Under C2 (service-based), confusion patterns become more pronounced and strategy-dependent. FedAvg exhibits the strongest degradation, with increased off-diagonal mass indicating instability under extreme label skew. Adaptive and momentum-based strategies reduce the dominant confusions to varying degrees. FedAvgM and FedAdam improve separability relative to FedAvg, and FedYogi yields the best point classification performance in this setting, although some residual confusions remain. These results support the key finding of this work: server-side aggregation has limited impact under near-IID and semi-IID partitions, but it becomes a decisive factor under highly heterogeneous, label-skewed client data.
8. Conclusions and Future Work
This paper studied the impact of server-side aggregation on federated QUIC traffic classification under heterogeneous client data distributions. Using a consistent model architecture, training protocol, and pooled-test evaluation, we compared four aggregation strategies across three data partitioning cases. The results show that client data distribution is the primary factor that determines performance. Under mixed-label (C1) and hash-based semi-IID (C3) clients, federated learning matches or closely approaches the centralized baseline, and the choice of aggregation strategy has a limited effect. Under the service-based split (C2), which represents extreme label skew, performance drops for all methods, but adaptive and momentum-based aggregation substantially improve results compared to FedAvg.
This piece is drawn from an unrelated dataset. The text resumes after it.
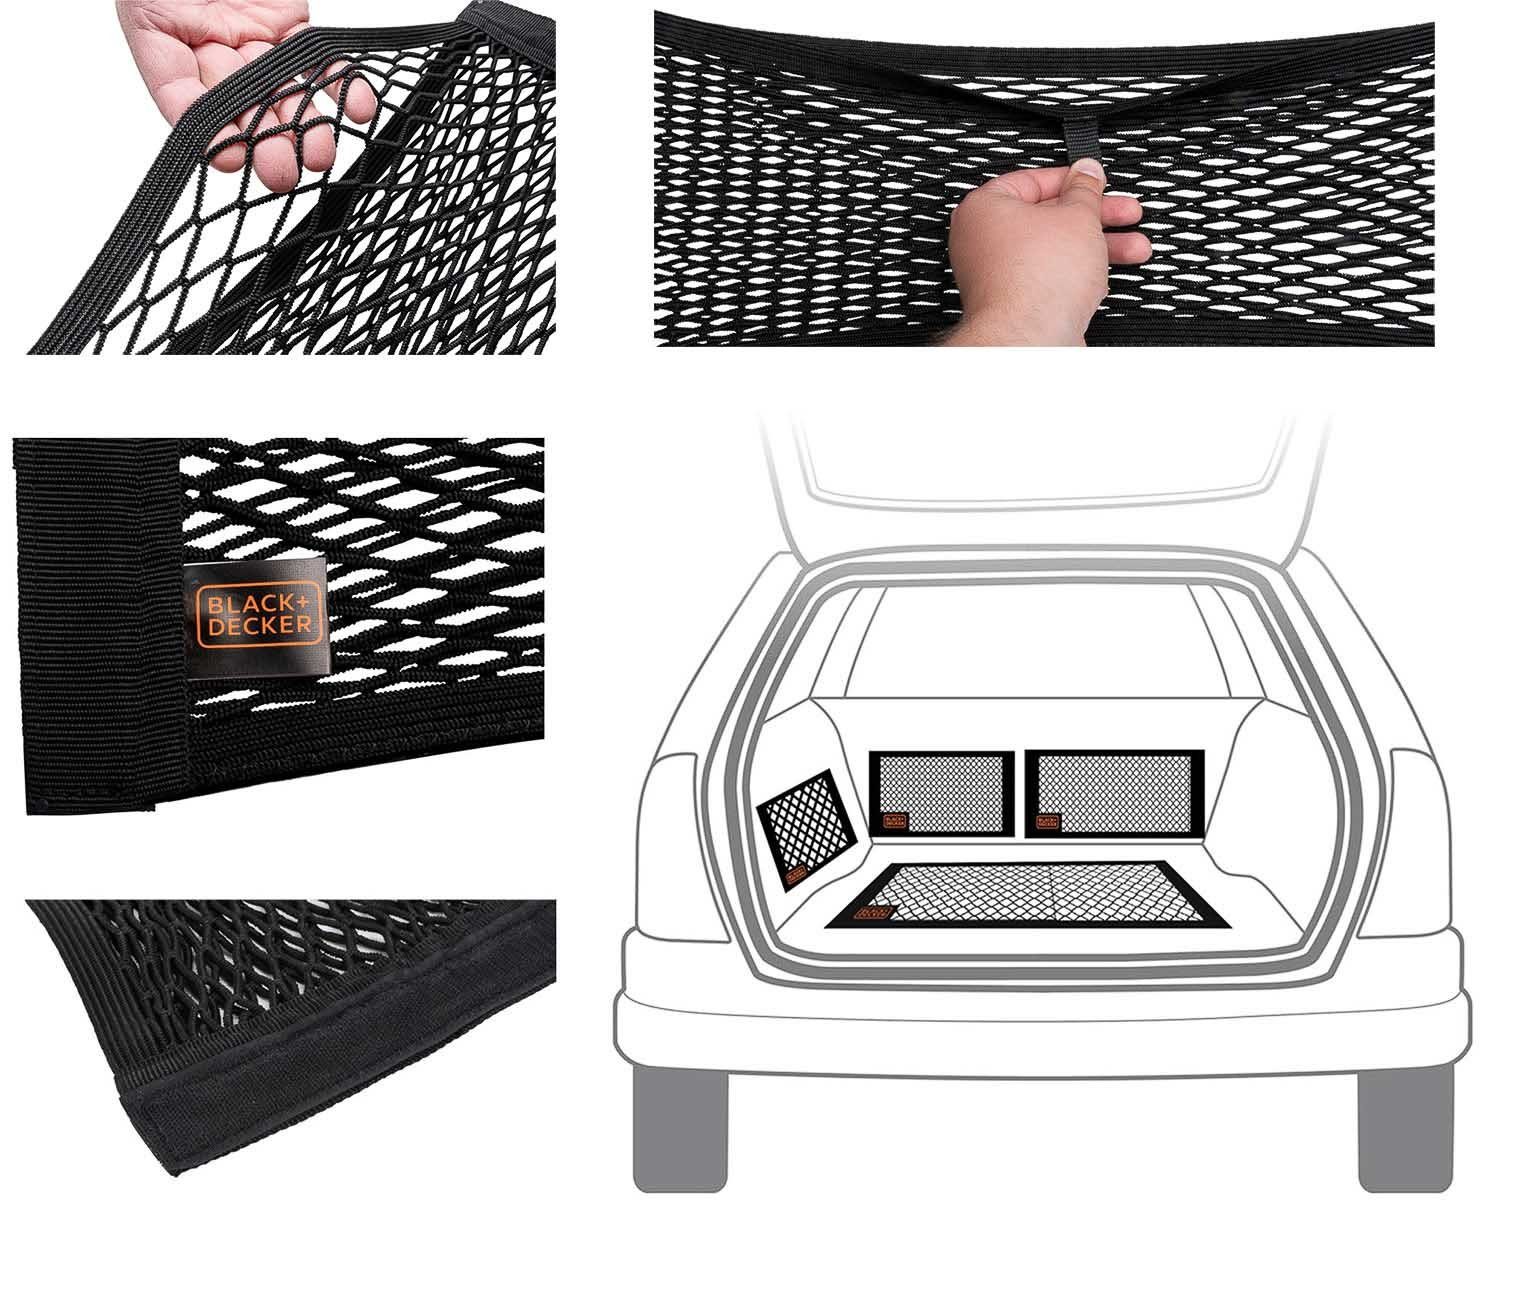 Netz Kofferorganizer Kofferraum Auto organizer Black+Decker aufbewahrungsnetze,

These findings confirm that advanced server-side optimizers become most valuable when heterogeneity induces strong client drift.
Several limitations of the current study should be noted. The experiments are conducted on a single QUIC traffic dataset with five Google service classes captured in a controlled environment, and evaluation under additional protocols, larger class sets, and different capture environments would help establish how broadly the conclusions transfer. The federated simulation assumes synchronous rounds and full client participation, which may not reflect client availability constraints in operational networks. The partitioning cases C1 and C3 produce statistically similar label distributions; adopting a Dirichlet-based partition in future work would provide a cleaner three-way heterogeneity spectrum. The analysis is based on flow-level statistical features and a fixed MLP architecture; more expressive sequence-based representations or self-supervised embeddings may change the relative advantage of aggregation strategies. Finally, evaluation is conducted on a pooled test set derived from the same dataset source, and cross-dataset testing and domain shift scenarios remain necessary to assess generalization across networks and time.
Future work should extend the study in directions that reflect operational deployments. First, evaluation should include additional heterogeneity sources such as unbalanced client sizes, partial participation, stragglers, and asynchronous training. Second, robustness should be tested under domain shift by training on one capture setting and evaluating on different networks, devices, or time periods. Third, the dataset scope should be broadened to include additional protocols and larger-scale traffic collections to assess the generalizability of the findings across diverse network environments. Fourth, model and feature design can be expanded beyond aggregated statistics to include packet-length and timing sequences, as well as self-supervised representations tailored to encrypted traffic. Fifth, a Dirichlet-based partitioning scheme should be adopted to produce a genuinely distinguishable semi-IID heterogeneity regime. Sixth, personalization and clustered federated learning can be explored to handle persistent client-specific distributions in C2-like environments. Finally, integrating privacy mechanisms such as secure aggregation or differential privacy would enable a more complete assessment of the accuracy–privacy trade-off for practical federated traffic classification.